Ouverture de la session de mars, première conférence de presse de Bintou Keita, affaire de l’Hôpital du Cinquantenaire, la semaine qui s’achève a été riche au niveau de l’actualité. Le desk femme de Actualite.cd vous propose de décortiquer les faits marquants de la semaine avec Tatiana Nguya, entrepreneure et activiste sociale basée dans le Haut-Katanga.
Bonjour Madame Tatiana Nguya, merci de nous accorder cet entretien. La semaine a démarré avec l'ouverture de la session de mars à l'Assemblée nationale et l'ordre du jour prévoit notamment le sujet relatif aux réformes électorales. Il y a également la proposition des organisations féminines notamment la Dynafec, d'apporter des amendements à la loi électorale pour rendre obligatoire la représentativité des femmes sur les listes des partis politiques. Quand est-ce que cela devrait être fait selon vous ?
Tatiana Nguya : le plus tôt possible. Etant donné que la question sur les réformes électorales a été mise sur table, il faudrait qu’à l’issue de toutes les décisions qui seront prises, l’article 13 de la loi électorale qui encourage la présentation paritaire hommes-femmes ainsi que la promotion des personnes vivant avec handicap au sein des listes des partis politiques soit également amende. Cela permettra de remettre la femme dans ses droits en matières électorales.

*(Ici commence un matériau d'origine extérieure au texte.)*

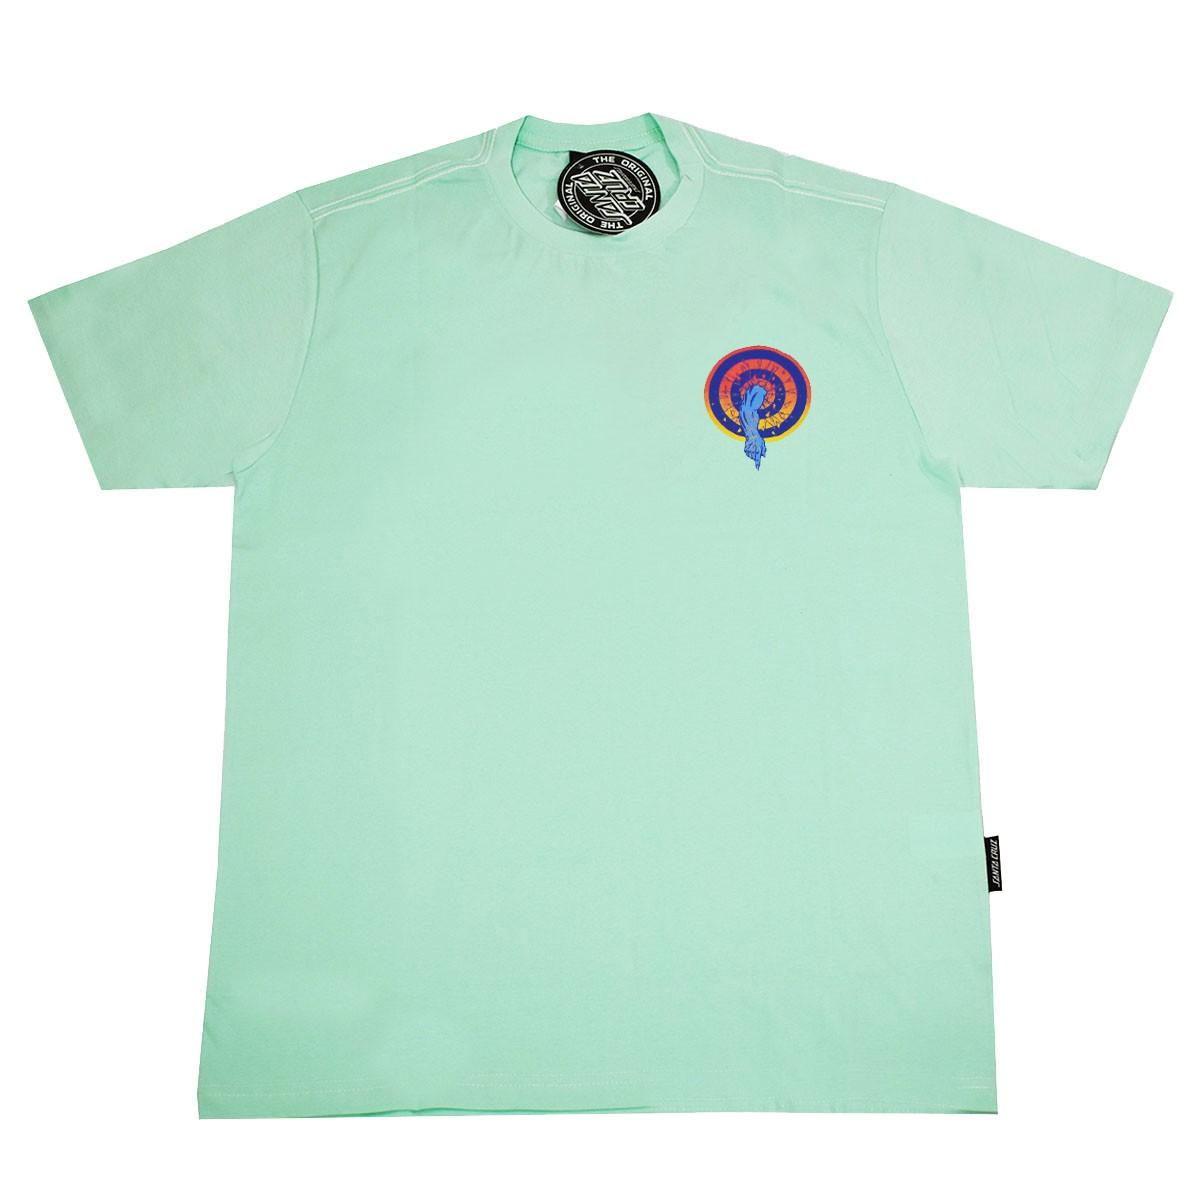 Camiseta Santa Cruz Roskopp

En sécurité, la nouvelle cheffe de la Monusco, Bintou Keita, après sa tournée à l'Est de la RDC a tenu une conférence de presse à Kinshasa, au cours de laquelle elle a reconnu les efforts de sa prédécesseure dans la résolution des conflits notamment politiques, avant de parler des défis qui restent à relever. Il y a notamment la désolidarisation entre les communautés locales et les groupes armés dans cette partie du pays. Cette question revient de manière récurrente lorsqu'il faut parler de la paix à l'Est. Comment y parvenir ? Quel mécanisme faut-il adopter pour mettre fin à la complicité entre ces groupes armés et les populations vivant dans cette région ?
Tatiana Nguya : je pense que la question de sécurité doit être parmi les priorités du gouvernement Sama Lukonde qui sera bientôt mis en place. Si réellement la sécurité à l’Est du pays nous préoccupe, nous nous devons d’analyser tous les facteurs qui causent sa durabilité, des facteurs étudiés et prouvés, pour pouvoir trouver des solutions pérennes c’est-à-dire, y rétablir la paix. En termes des mécanismes, il faut étudier en profondeur cette situation et pouvoir en dégager des solutions.
Il y a également la question de la réduction du nombre des casques bleus en RDC. Des mouvements citoyens avaient manifesté à l'Est mais aussi à Kinshasa. Après l'arrivée d'une nouvelle Cheffe de la Monusco, cette question est-elle dépassée ?
Tatiana Nguya : lorsqu’il s’agit de la sécurité, de la paix, de la vie humaine qui est sacrée, une question n’est jamais dépassée. Encore une fois, aux autorités compétentes, de se pencher sur cette question et trouver des solutions idoines.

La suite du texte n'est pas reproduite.